Given a positive integer *n*, generate a square matrix filled with elements from 1 to  $$n^2$$ in spiral order.  

{% hint style="info" %}
For example:

```
Input: 3
Output:
[
 [ 1, 2, 3 ],
 [ 8, 9, 4 ],
 [ 7, 6, 5 ]
]
```

{% endhint %}

###

### Thought Process

* *How would we go about changing the directions when filling the 2D matrix?*

  * Have a variable *d* for the direction and updating this variable whenever we "shave" off a row or column.

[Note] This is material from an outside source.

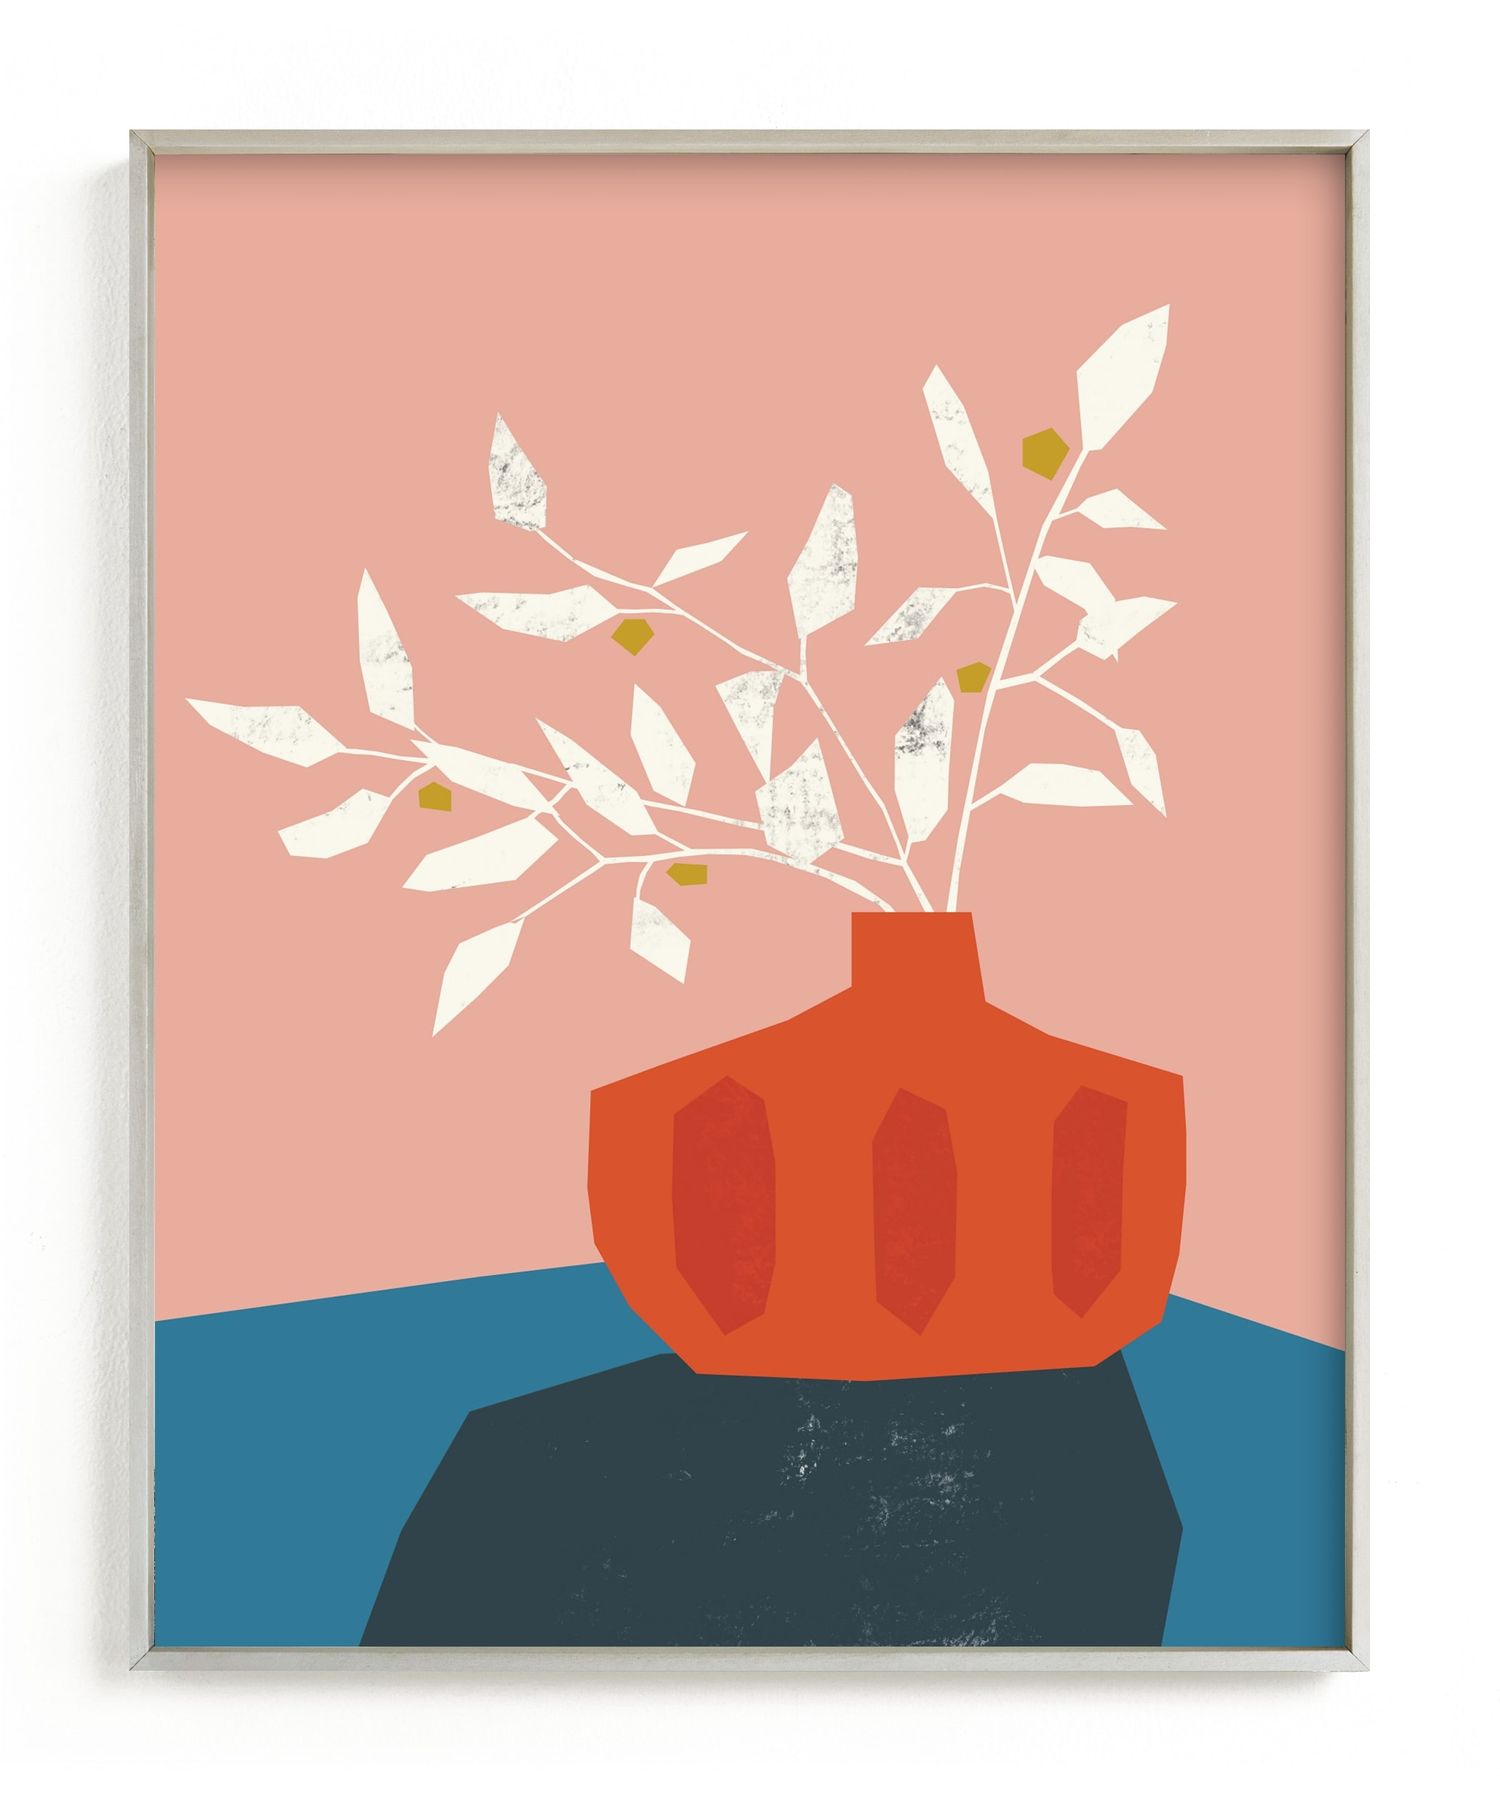 Shop Mid Century Vase (16x20), Gilded Wood Frame from Minted on Openhaus

* *How would we generate the numbers to fill the 2D matrix from 1 to* $$n^2$$.
  * Have a varaible called *num* initially set 1, incrementing this variable at each cell, and filling each cell with the variable.

## Solution 

```
class Solution:
    def generateMatrix(self, n: int) -> List[List[int]]:
        
        matrix = [[0 for j in range(n)] for i in range(n)]
        d = 0
        num = 1
        top, bottom = 0, len(matrix)-1
        left,right = 0, len(matrix[0])-1
        
        while top<=bottom and left<=right:
            if d == 0:
                for j in range(left,right+1):
                    matrix[top][j] = num
                    num+=1
                top+=1
                d+=1
            elif d == 1:
                for i in range(top, bottom+1):
                    matrix[i][right] = num
                    num+=1
                right-=1
                d+=1
            elif d == 2:
                for j in range(right, left-1,-1):
                    matrix[bottom][j] = num
                    num+=1
                bottom-=1
                d+=1
            elif d == 3:
                for i in range(bottom, top-1,-1):
                    matrix[i][left] = num
                    num+=1
                left+=1
                d = 0
        return matrix
        
```

## Key Facts

* The direction and boundary variables are most important
* For updating the number, just have a *num* variable and increment by 1 in the for-loops
* With each direction, there is either a constant row or column (i.e. when doing in the down direction, the constant is the right column.)

## Time Complexity&#x20;

**Time:** O($$n^2$$) because we have to fill every row and column

**Space:** O($$n^2$$) because we are initilizing a matrix and storing the numbers here.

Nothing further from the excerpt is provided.